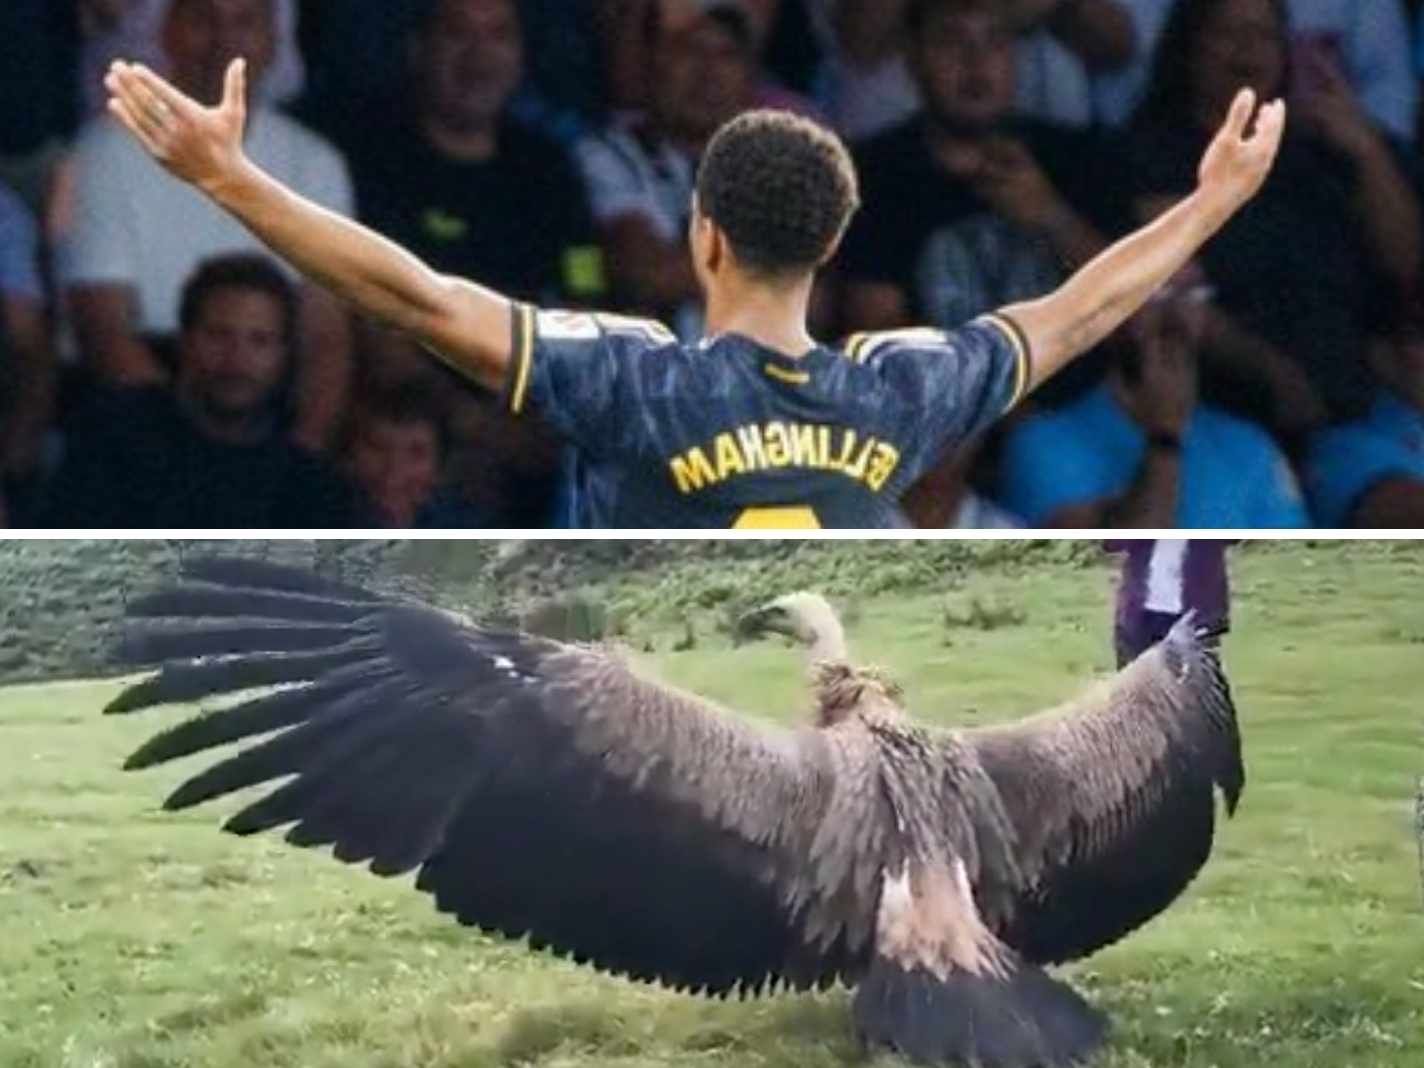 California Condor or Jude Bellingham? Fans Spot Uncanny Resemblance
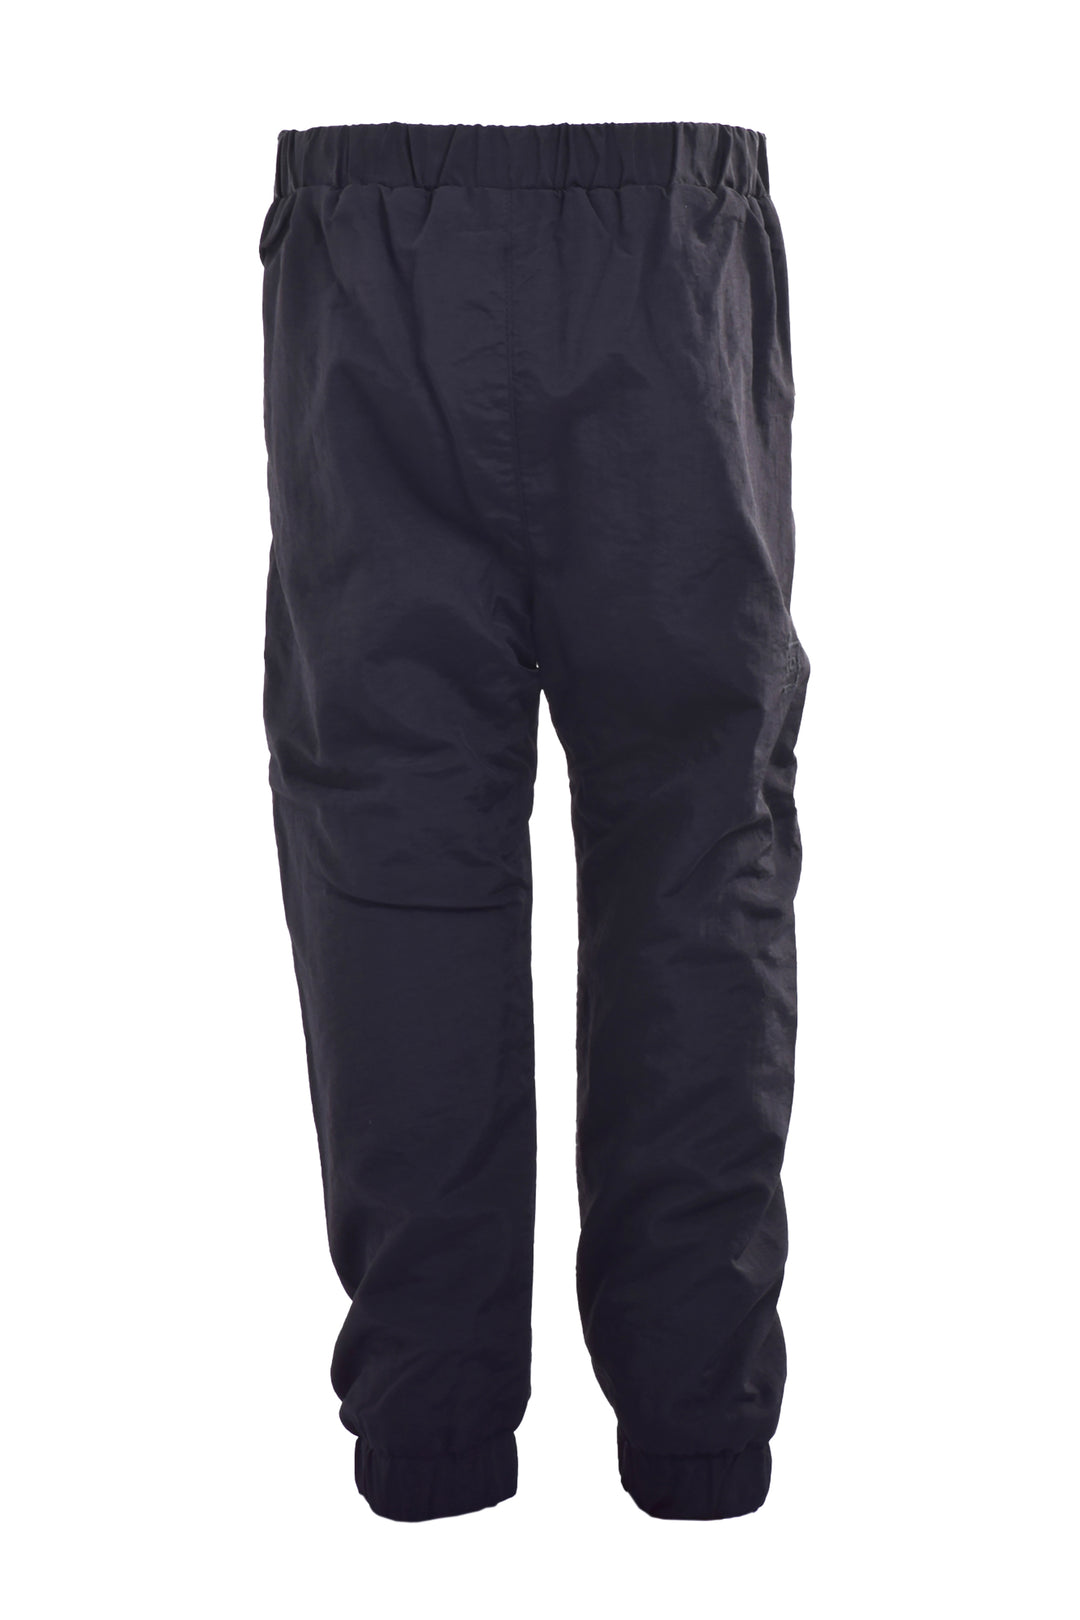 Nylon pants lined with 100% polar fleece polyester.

--

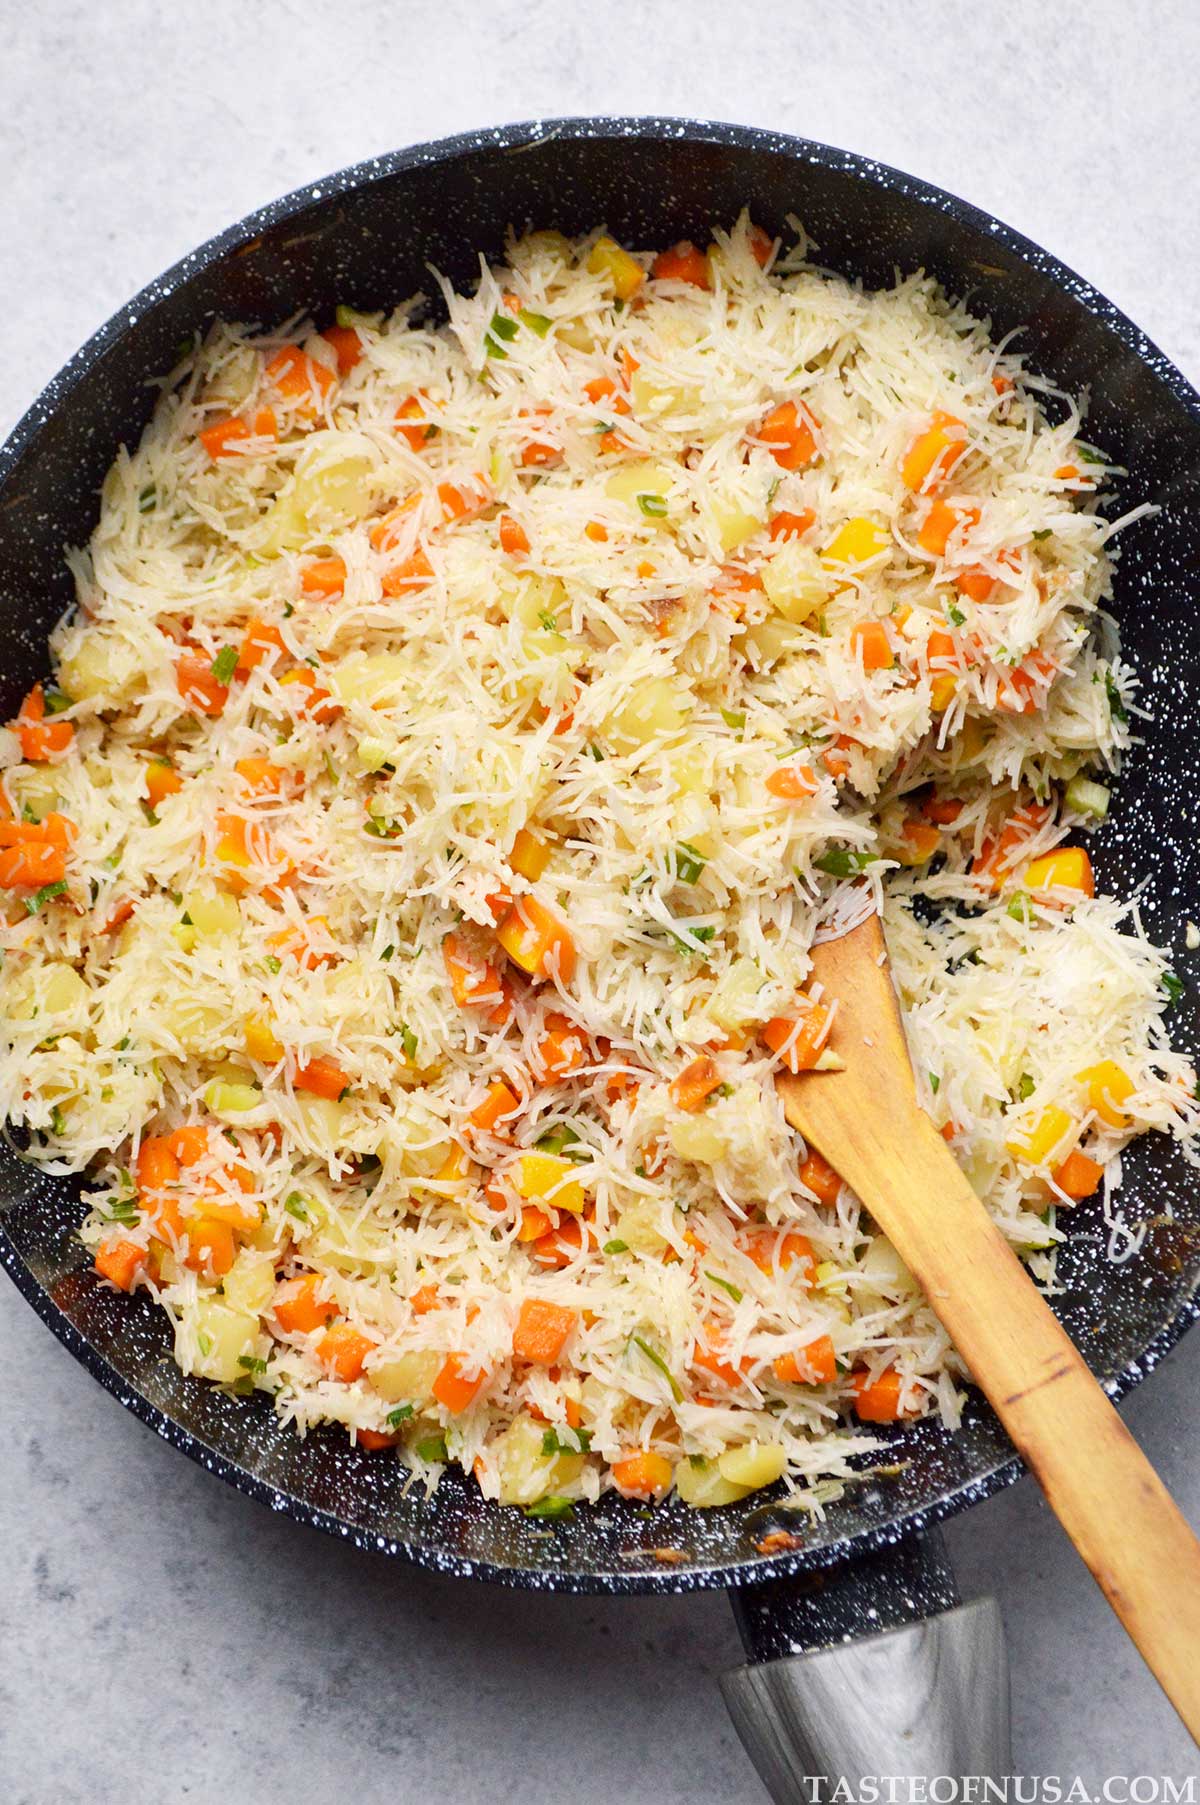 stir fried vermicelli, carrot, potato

--

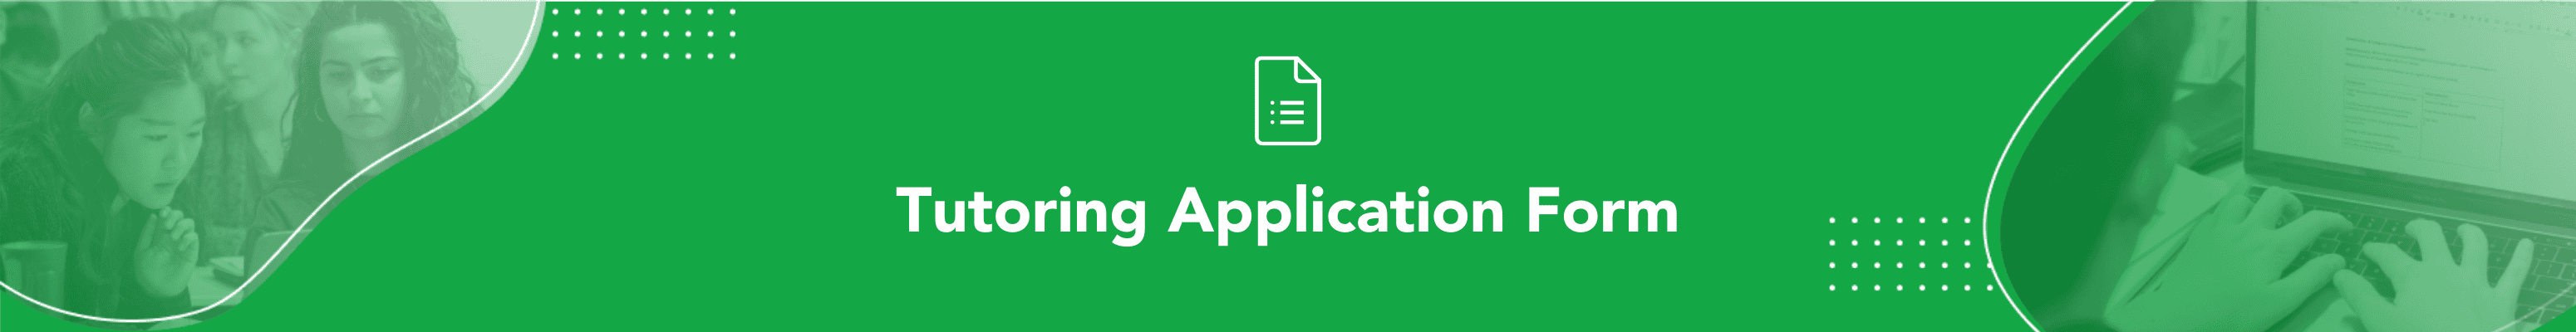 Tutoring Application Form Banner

YOUR ASSIGNMENT: Copy the lines above exactly, starting with the line that contains "California Condor or" and ending with the line that contains "Nylon pants lined", and leave out any pictures.

THE ANSWER:
 California Condor or Jude Bellingham? Fans Spot Uncanny Resemblance
 Nylon pants lined with 100% polar fleece polyester.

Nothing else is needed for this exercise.